◆ **Goal of the exercise**: Reproduce the entire listing exactly. Leave the pictures out.

◆ **Given data**:
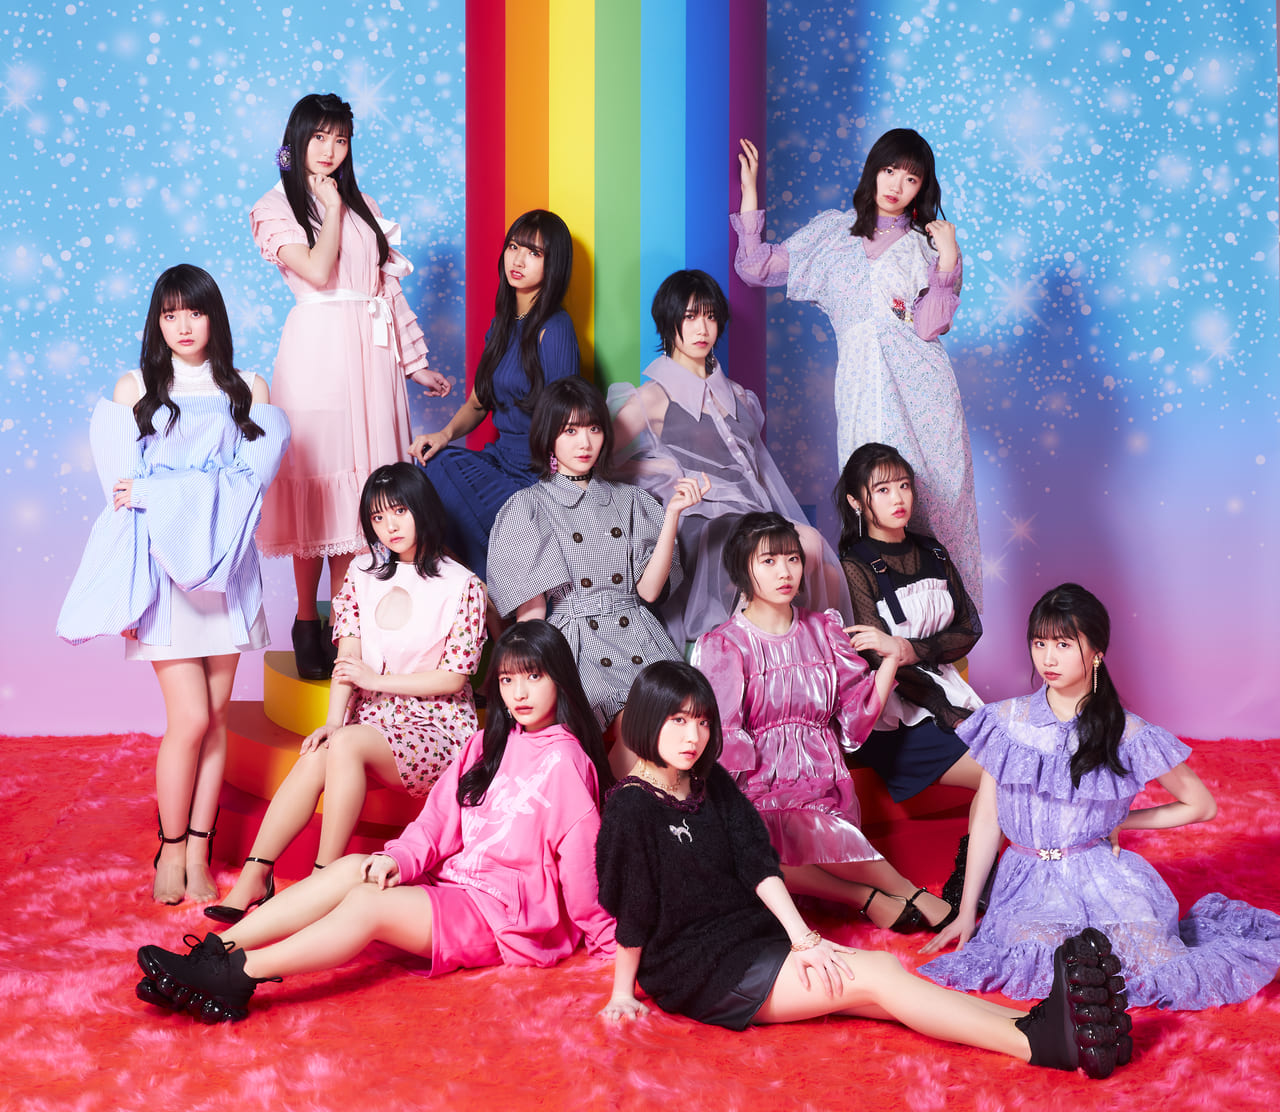 虹のコンキスタドール 最新アルバム レインボウグラビティ について熱く語る Harajuku Pop Web
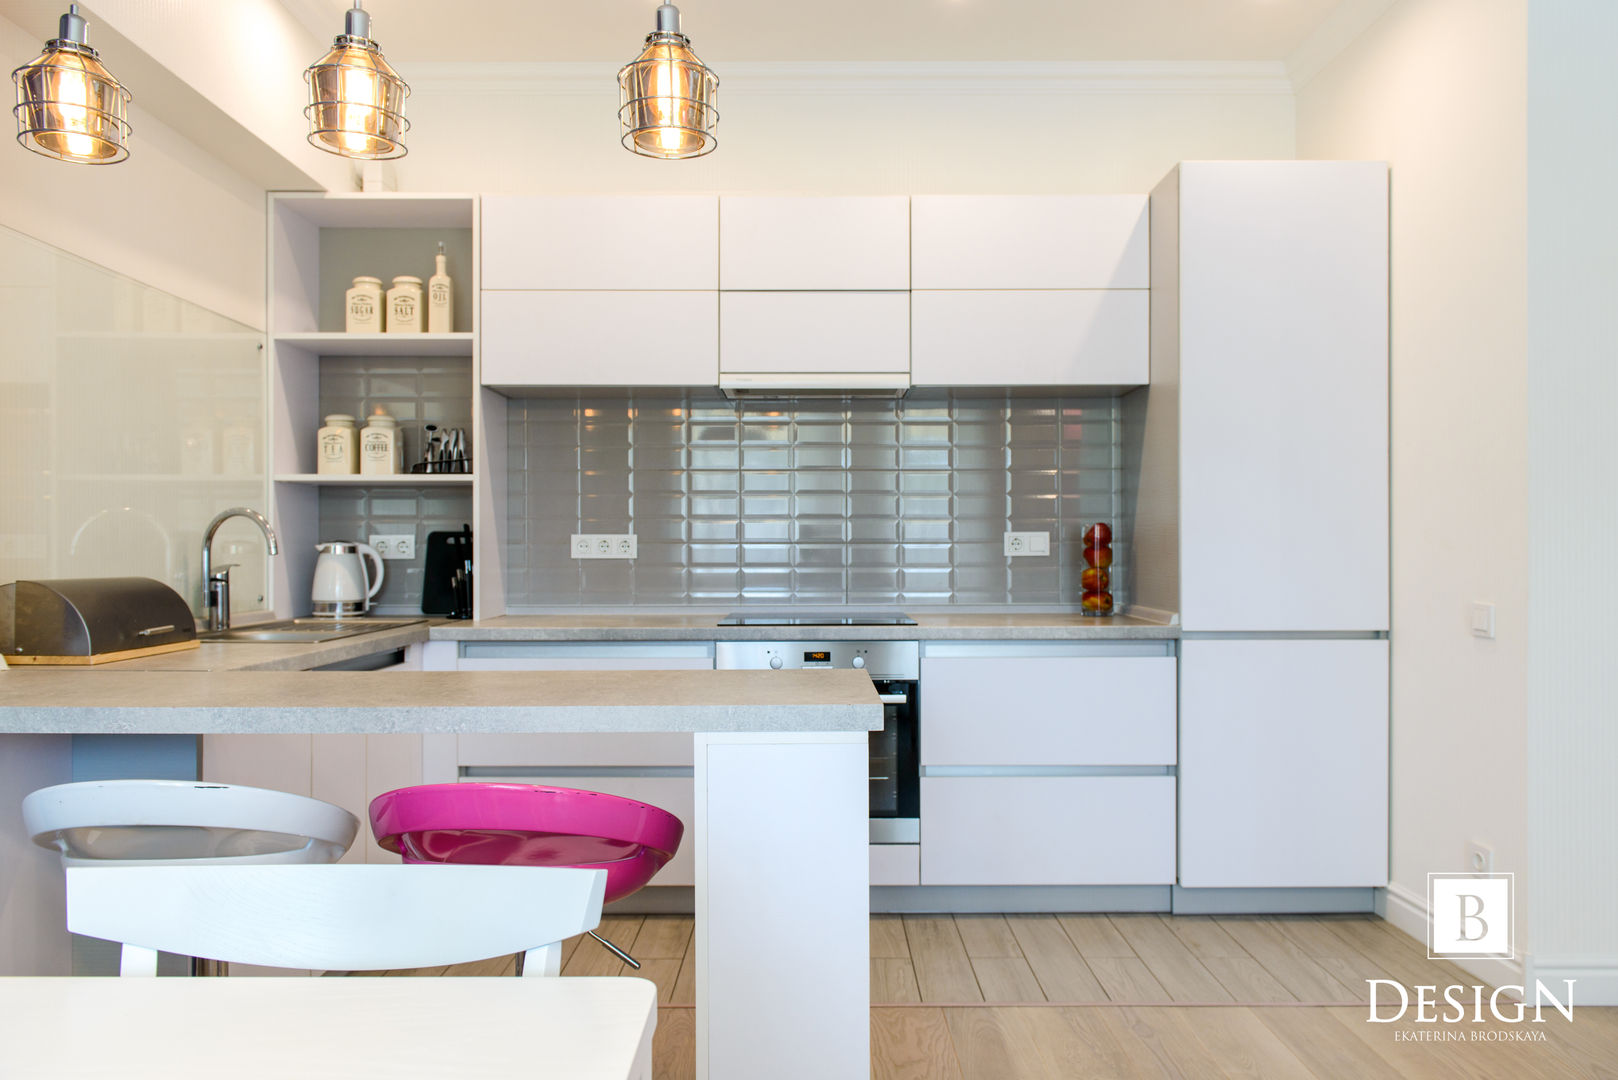 Делаем из однокомнатной квартиры двушку на Голосеевской, B-design B-design Eclectic style kitchen
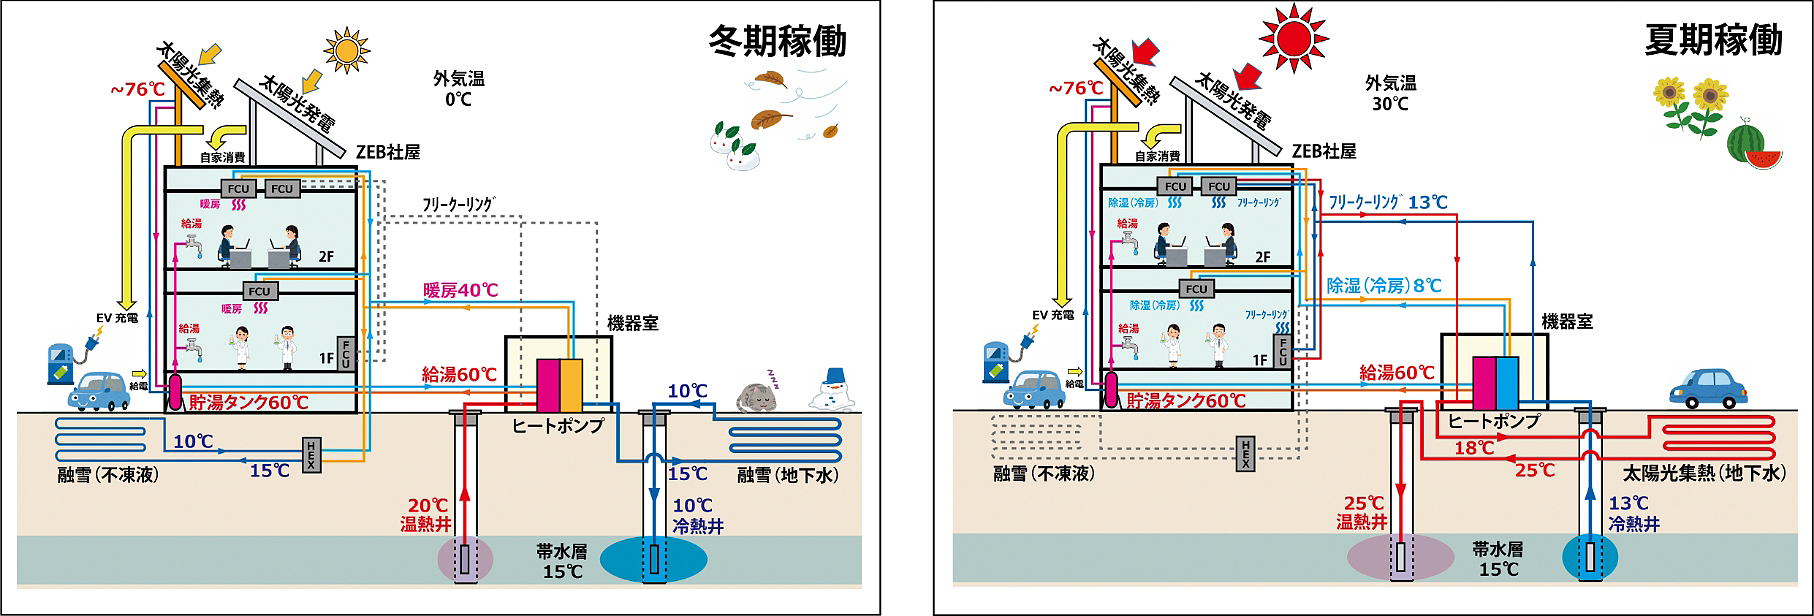 高効率帯水層蓄熱によるトータル熱供給システム（左：冬期稼働、右：夏期稼働）を解説した図表

◆ **Your solution**:
 虹のコンキスタドール 最新アルバム レインボウグラビティ について熱く語る Harajuku Pop Web
 Делаем из однокомнатной квартиры двушку на Голосеевской, B-design B-design Eclectic style kitchen
 高効率帯水層蓄熱によるトータル熱供給システム（左：冬期稼働、右：夏期稼働）を解説した図表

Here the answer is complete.